Transplantation of hWJ-MSCs Improved Motor Behavior in Stroke Rats

Two behavioral tests were used to evaluate the functional recovery on days 3 or 5 after cell transplantation in 15 rats (please see timeline in Fig 1A). The Bederson’s neurological score was significantly reduced by cell transplantation (Fig 1D, F_1,26 = 24.948, p < 0.001, two-way ANOVA). No significant interaction was found between the transplantation group and days after stroke (F_1,16 = 0.0295, p = 0.865, two-way ANOVA). A post-hoc Newman–Keuls test indicated that hWJ-MSC transplants significantly reduced neurological score on day 3 (p = 0.002) and day 5 (p = 0.001), compared with the vehicle. Neurological deficit was also examined by an elevated body asymmetry test. The frequency of initial turning of the head or upper body contralateral to the ischemic side was counted in 20 consecutive trials. The maximum impairment in body asymmetry in stroke animals is 20 contralateral turns/20 trials. A significant reduction in body asymmetry was seen in cell transplantation animals (Fig 1D, F_1,26 = 14.016, p < 0.001) and days after stroke (F_1,26 = 22.930, p < 0.001). A significant interaction was found between the transplantation and days after stroke (F_1,36 = 9.286, p = 0.005, two-way ANOVA). A post-hoc Newman–Keuls test indicated that hWJ-MSC transplants significantly reduced body asymmetry on day 5 (p < 0.002, Fig 1D).

Localization of hWJ-MSCs Transplant in the Ischemic Core

hWJ-MSCs were labeled with CM-Dil fluorescence before transplantation. Animals receiving hWJ-MSCs (n = 6) or vehicle (n = 9) were perfused on day 5 after transplantation and stroke surgery. As seen in the representative photomicrograph in Fig 2A, CM-Dil (red) fluorescence was confined to the graft sites in the cerebral cortex. No red fluorescence was found in animals receiving vehicle (Fig 2A). The density of IBA1 immunoreactivity was increased in the ischemic core. The IBA immunoreactivity in the core region was further quantified. Transplantation of hWJ-MSCs did not significantly alter the density of IBA1 immunoreactivity in the lesioned core (p = 0.270, Student’s t-test). Most of this microglia had an amoeboid morphology (Fig 2B), suggesting that hWJ-MSC transplants did not reduce the activation of microglia in the core region. Using confocal imaging, we found that CM-Dil fluorescence was mainly present within the IBA1 (+) cells (Fig 2B), suggesting that the graft cells were phagocytized by the activated microglia in the core of lesion.

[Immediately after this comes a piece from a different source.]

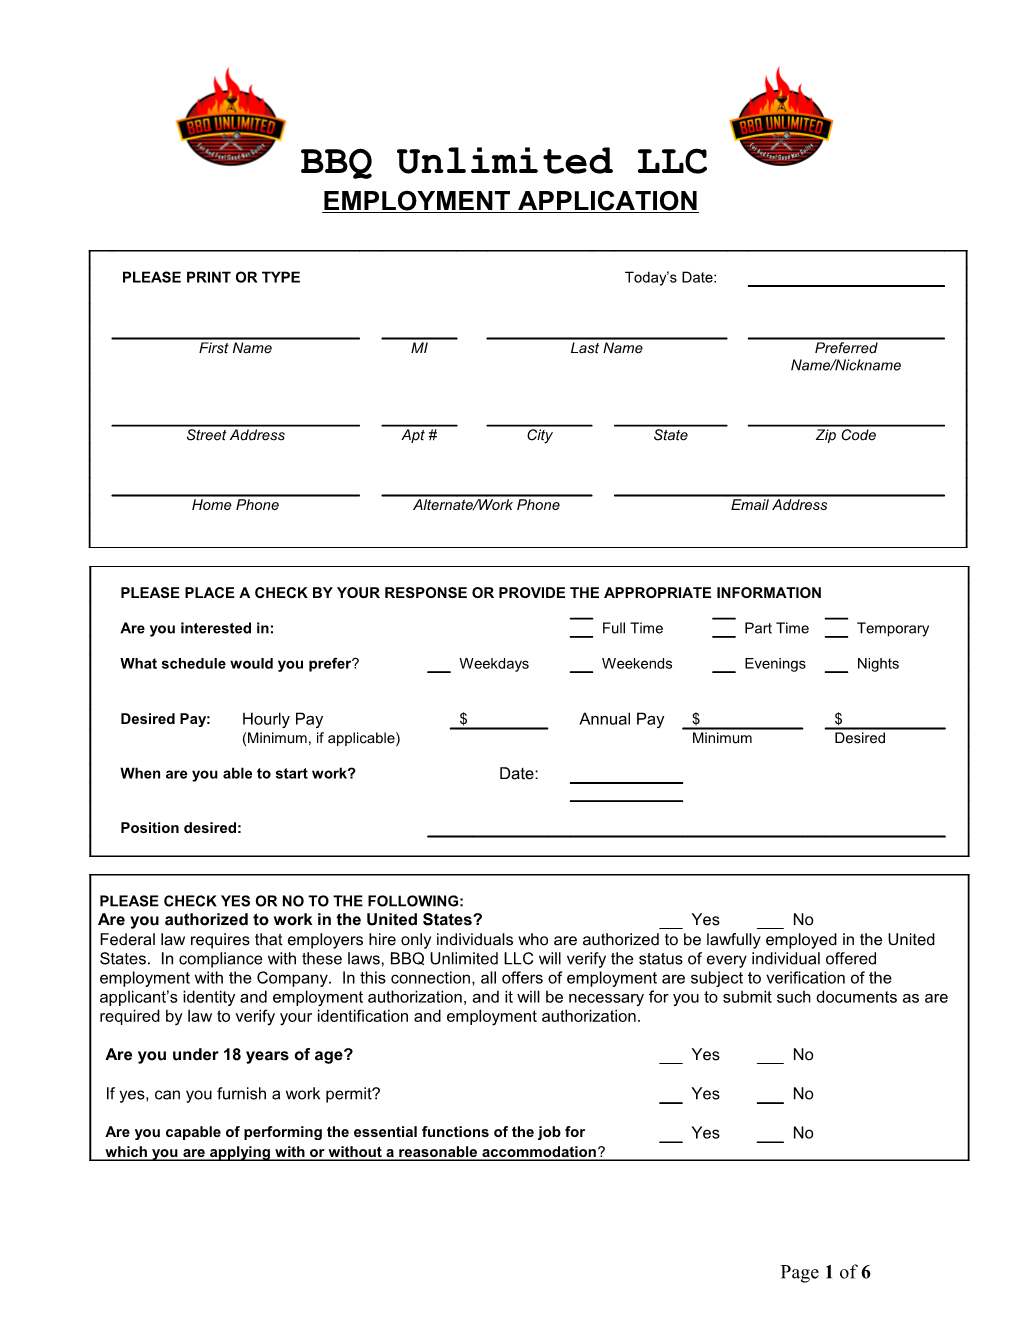 Employment Application s11

Fig 2. — Transplantation of hWJ-MSCs did not reduce microglial activation in the ischemic core area. hWJ-MSCs were pre-labeled with the fluorescent dye CM-Dil before grafting to stroke rats. Animals were perfused on day 5 after transplantation and stroke surgery. (A) Enhanced IBA1 immunoreactivity (green fluorescence) was found in the ischemic core in animals receiving vehicle or hWJ-MSCs. (A) Red CM-Dil fluorescence (+) cells were confined to the graft sites. No red fluorescence was found in animals receiving vehicle. (B) High-magnification confocal photomicrographs indicated that grafted cells (red fluorescence) were mainly in the microglia. Calibration = 10 μm.

CM-Dil: chloromethyl benzamide 1,1’-dioctadecyl-3,3,3’3’- tetramethylindocarbocyanine perchlorate; hWJ-MSC: Wharton’s jelly-derived mesenchymal stromal cell.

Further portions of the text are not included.